В щель выглянул чей-то глаз, мигом окинул Иваницу, его коня, заметил серебряный убор уздечки, не оставил без внимания и недешевый наряд Иваницы, потому что ворота чуточку приоткрылись посредине, именно так, чтобы показалась бородатая, не мытая со дня рождения образина и спросила:

– Тебе чего?

– Надлежало бы учтивее быть, свинья бесшерстная! – незлобиво промолвил Иваница, играя плетью.

– А я учтивый. Почто стучишь-гремишь?

– Девку хочу видеть.

– Какую еще девку? Это двор воеводы Войтишича.

– Знаю. Был здесь. С самим воеводой твоим пил. Нынче не хочется. Девку хочу увидеть. Позови.

– Я бы показал тебе девок, кабы не лень.

– Ойку знаешь? Дочь Емца? Позовешь – получишь штуку серебра, не позовешь – дураком будешь.

– Слезь с коня, олух. Увидят, – сразу же стал мягче бородач привратник. – Или отъедь малость, пока я поищу эту девку.
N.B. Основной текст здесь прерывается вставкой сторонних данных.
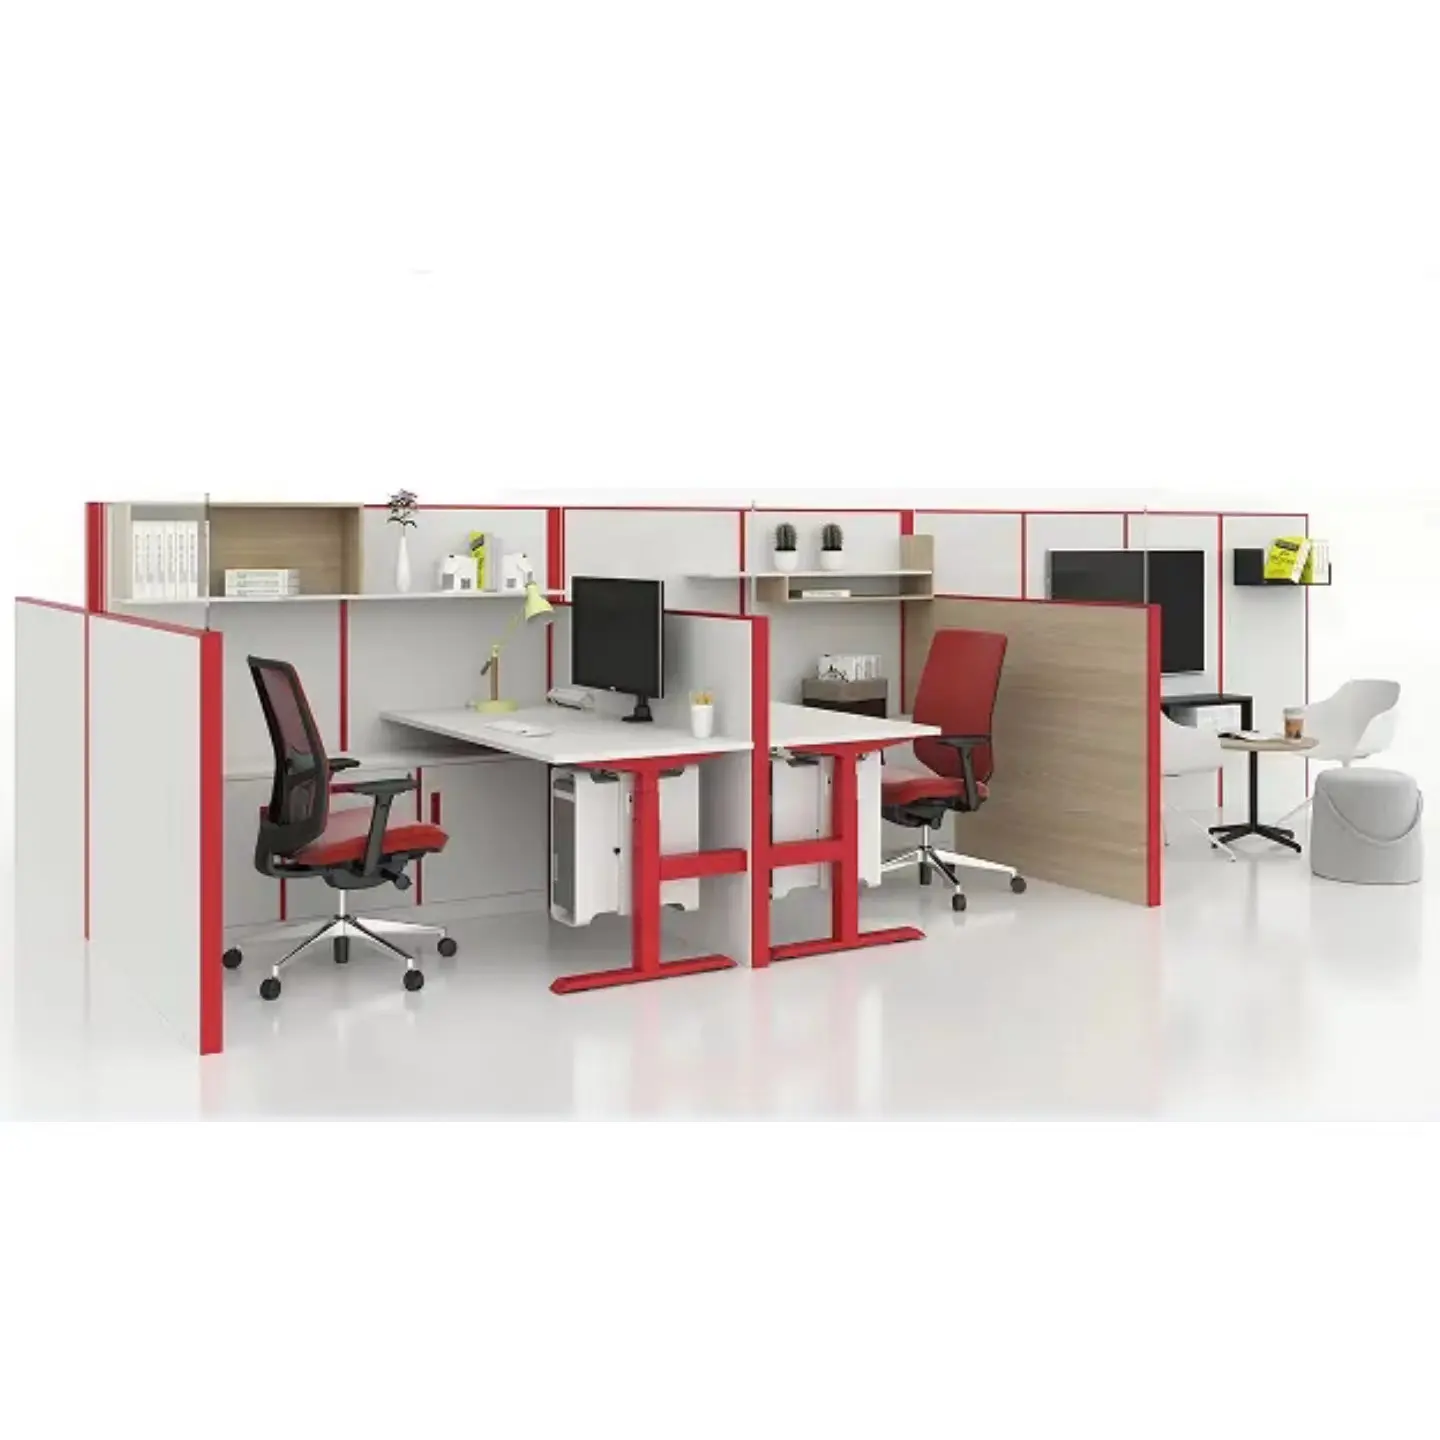 Muebles de oficina multifuncionales minimalistas modernos, dos etapas, doble motor, mesa de elevación ajustable, estación de oficina
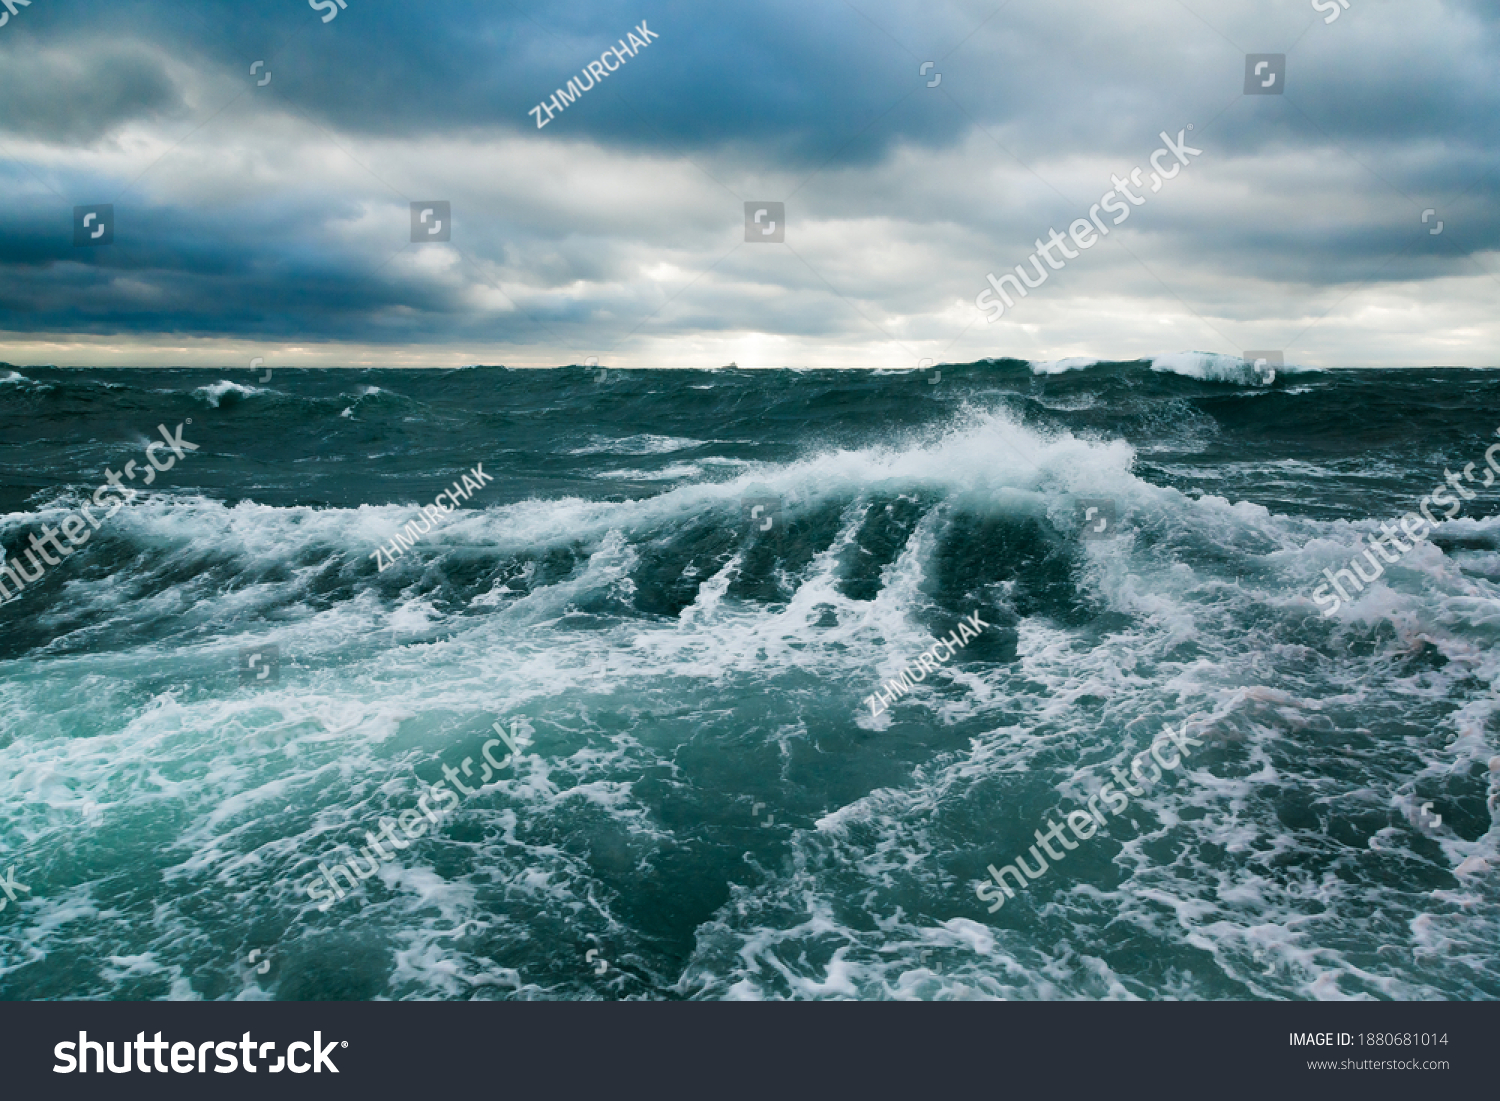 Ocean storm. Storm waves in the open ocean. Not a calm open sea. #1880681014

Где-то носится, как чертовка. А не соврешь про серебро?

– Держи, – протянул ему серебряную монету Иваница. – Не имею боярской привычки. Не вру никогда.

Бородач исчез, а Иваница поехал улицей дальше, до самого Бориславова двора, затем вернулся назад, но Ойки не было, не слышно было и бородача, быть может, и обманул, забрав серебро и притаившись по ту сторону ворот или же позвав себе на помощь своих дружков, чтобы отучили нежданного залету стучать в боярские ворота.

Ойка появилась, откуда не ждал вовсе. Бежала с другого конца улицы, кутаясь в свой белый козий мех, снова была босая, будто лишь вчера увидел ее, с той лишь разницей, что губы у нее стали словно бы полнее, сочнее и ярче. Да и заметил ли ее губы Иваница? Прежде всего он увидел босые ноги Ойки, чуть было не свалился с коня навстречу девушке, встал беспомощный и растерянный, смог лишь вымолвить:

– Снова босая?

– А что тебе? – дерзко крутнулась она перед ним, и он понял, что нету ему отныне жизни нигде на свете, кроме этой непостижимой девушки.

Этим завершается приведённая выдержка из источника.